Мальчик из Фракии - Василий Колташов
Шрифт:
Интервал:
Закладка:
Собравшиеся заволновались. Стали перешептываться. Валент слушал их голоса, стараясь уловить хоть частицу перемены настроения «Неужели в них ничего человеческого не проснется? Почему и здесь они остаются трусливыми подданными?» — думал он.
Крестьянин с глупыми глазами снова пытался отвертеться, так, будто его уже гнали на войну силой. Он опять пытался доказывать, почему не стоило ему идти в поход с союзным князем. Вновь получались сбивчивые звуки, бессмысленные вязанки слов.
— У него вся спина палками исписана, — помогал низкорослый мез.[102] — Сына на глазах управляющий забил… Всех коз забрали… Мы из одной деревни. Вся ведь беда: налоги плати, а земля не уродила. Солдаты свое бери, так еще хозяину надо…
«Так чего же вы не мстите, черти!» — мысленно закричал Валент. Дал себе глубоко вздохнуть. Спокойно сказал:
— Всегорд хочет собрать из римлян отдельный пеший отряд. Вы слышали об этом?
Беглецы робко закивали головами. Замычали в знак согласия.

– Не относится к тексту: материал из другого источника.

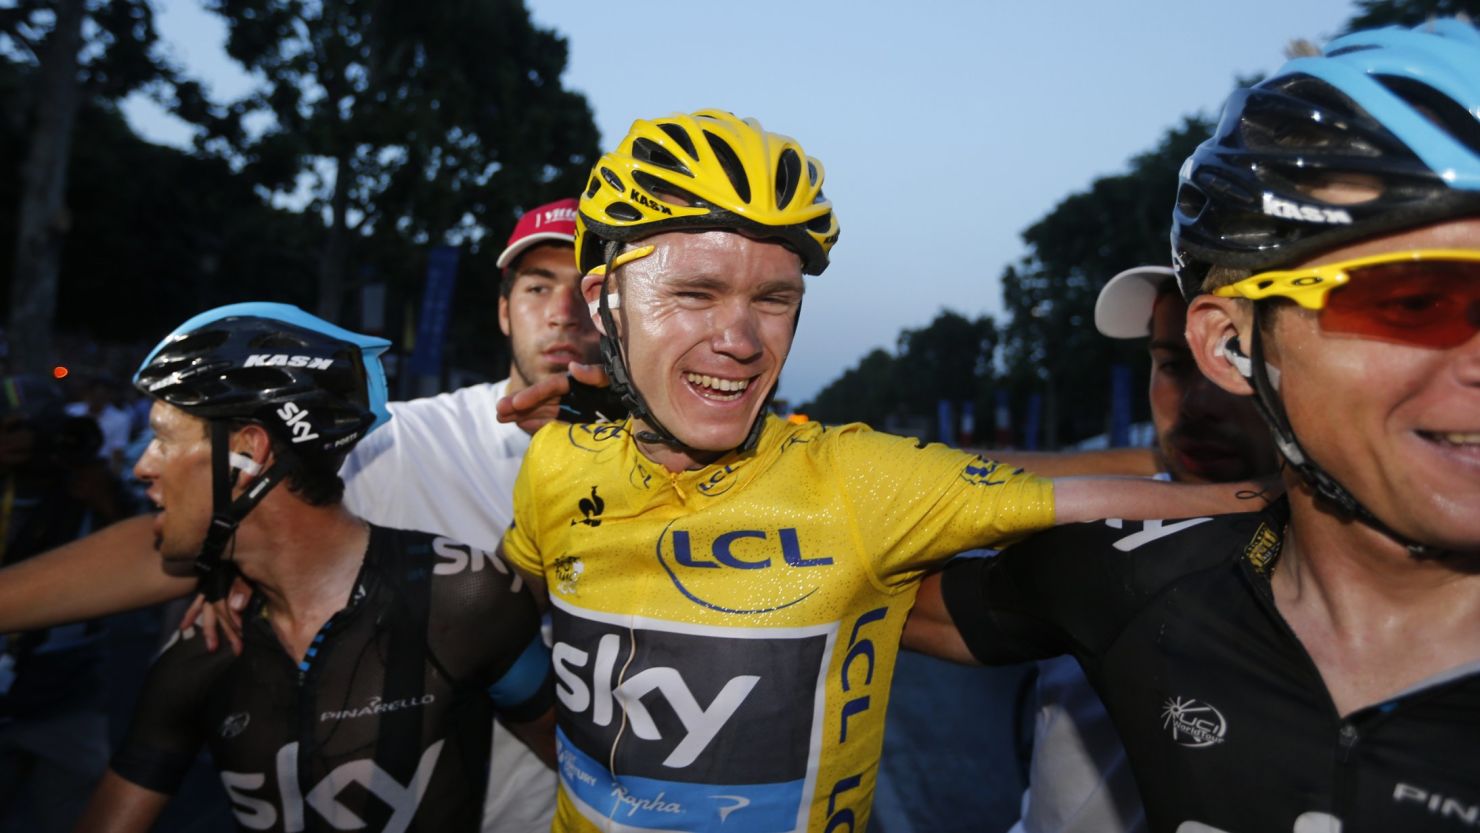 Chris Froome won the 100th edition of the Tour de France in dominant fashion after learning his trade in Kenya
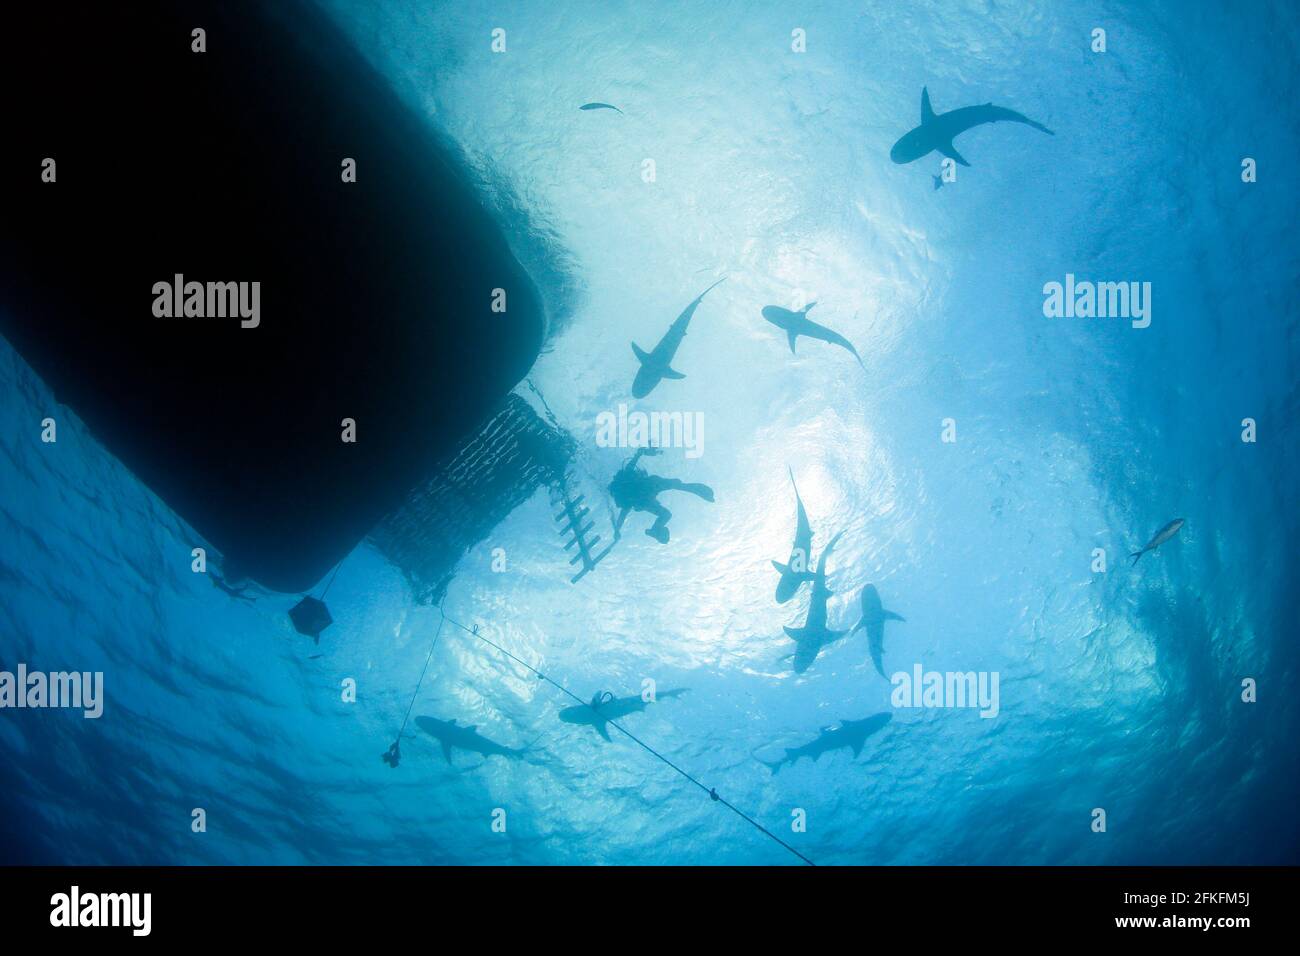 Plenty of Sharks against the Surface, with Diver in the Middle, viewed from Underneath. Tiger Beach, Bahamas Stock Photo

— Он знает, что в землях склавин тысячи бежавших из империи людей. Дезертиры ушли с Давритом. Нам нужны лишь те, кто в силах орудовать копьем и топором. Нехитрое дело. Крепости нужно в горах защищать. Со стен, понимаете? Это вы можете?
— Да какие мы римляне, — заплакал сутулый здоровяк. — Дайте мне нормально пожить… Земля своя… Дети… Чтобы никто не трогал…
Валент еще раз пожалел, что взялся говорить с этими людьми. Он схватился за голову. Никогда прежде ему не приходилось полагаться на простолюдинов. Они всегда только обеспечивали его своим трудом, но никогда не служили опорой. Он подумал, что прежде почти не пробовал говорить с ними. Он только отдавал приказы. Страх исполнял их все.
— Копьем, конечно, можно поиграть, только вот зачем? — сказал парень с серьгами. Показал в глуповатой улыбке сточенные зубы.
— Моряк? — спросил Валент.
— Моряк. Евтихий, так меня зовут. Из Херсонеса. От готов сюда бежал. Попали мы к ним целым кораблем. Домой не стал возвращаться. Зачем? Некуда. Пятый год здесь.
— Вселенная не обходится без войны. Князю нужны воины. Горы нужно защищать от кочевников. Может получиться так, что сюда хлынут авары. Легче остановить врага в каменных проходах, чем пустить сюда — на равнину. Вы понимаете это?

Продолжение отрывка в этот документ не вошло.